Il se fit, dit-on, couper la barbe en Syrie, pour complaire à une courtisane ; ce qui excita la verve satirique des Syriens. La destinée voulut qu’à son retour il portât la peste dans les provinces où il passa, jusqu’à Rome. On croit que ce fléau avait pris naissance dans la Babylonie, un soldat ayant ouvert dans le temple d’Apollon un coffret d’or, d’où s’échappa un air pestilentiel qui envahit le pays des Parthes et l’empire romain.

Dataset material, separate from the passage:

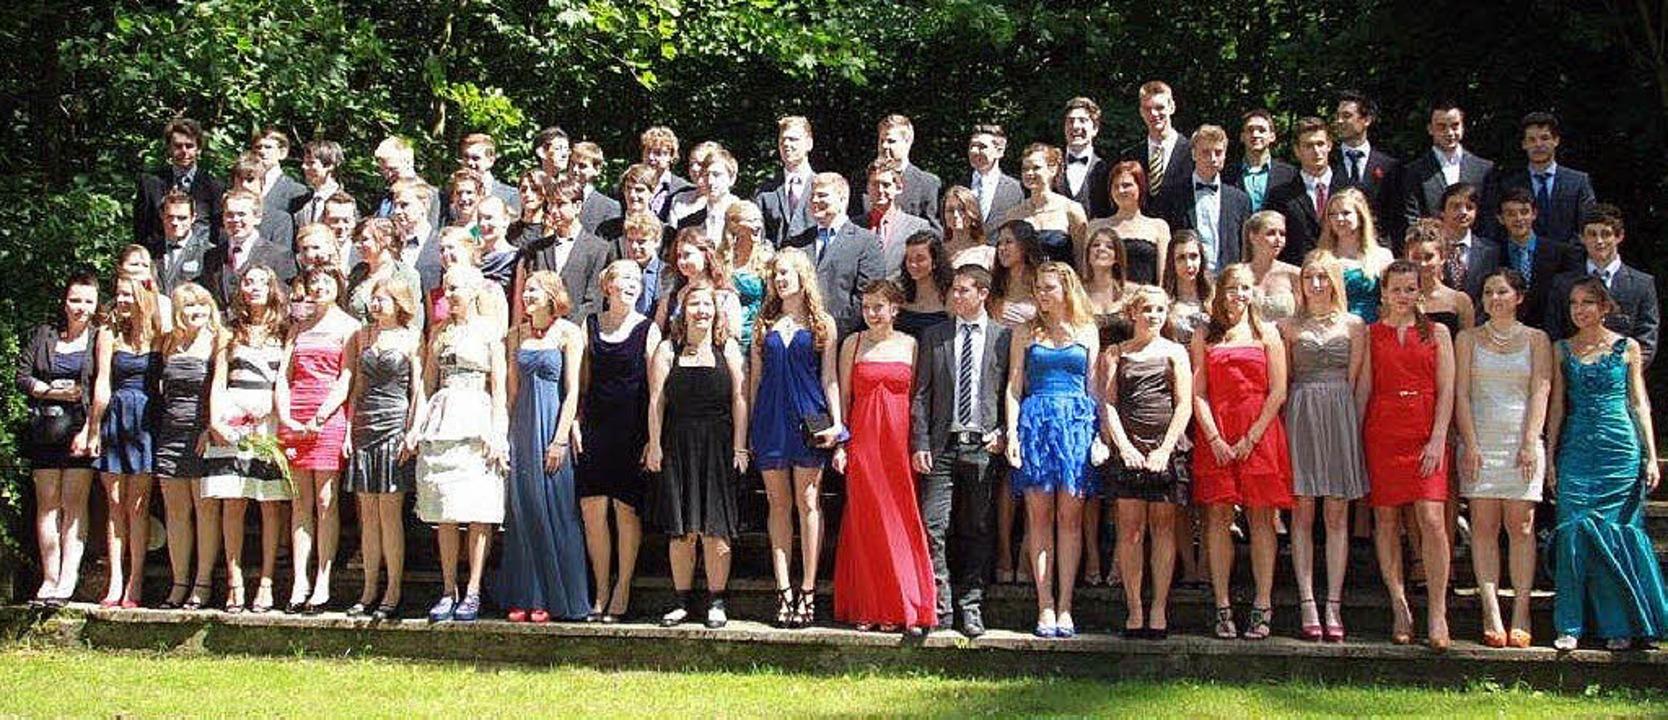 Der Abiturjahrgang 2012 am Kolleg St. Sebastian in Stegen.   | Foto: Markus strecker

Et ce n’est pas Vérus qu’il en faut accuser, mais Cassius, qui osa, violant ses engagements, traiter en ennemie la ville de Séleucie, où nos soldats avaient été reçus comme amis. Quadratus, qui a écrit la guerre des Parthes, justifie même celui-ci de cette imputation, et accuse les habitants de cette ville d’avoir manqué les premiers à la foi promise.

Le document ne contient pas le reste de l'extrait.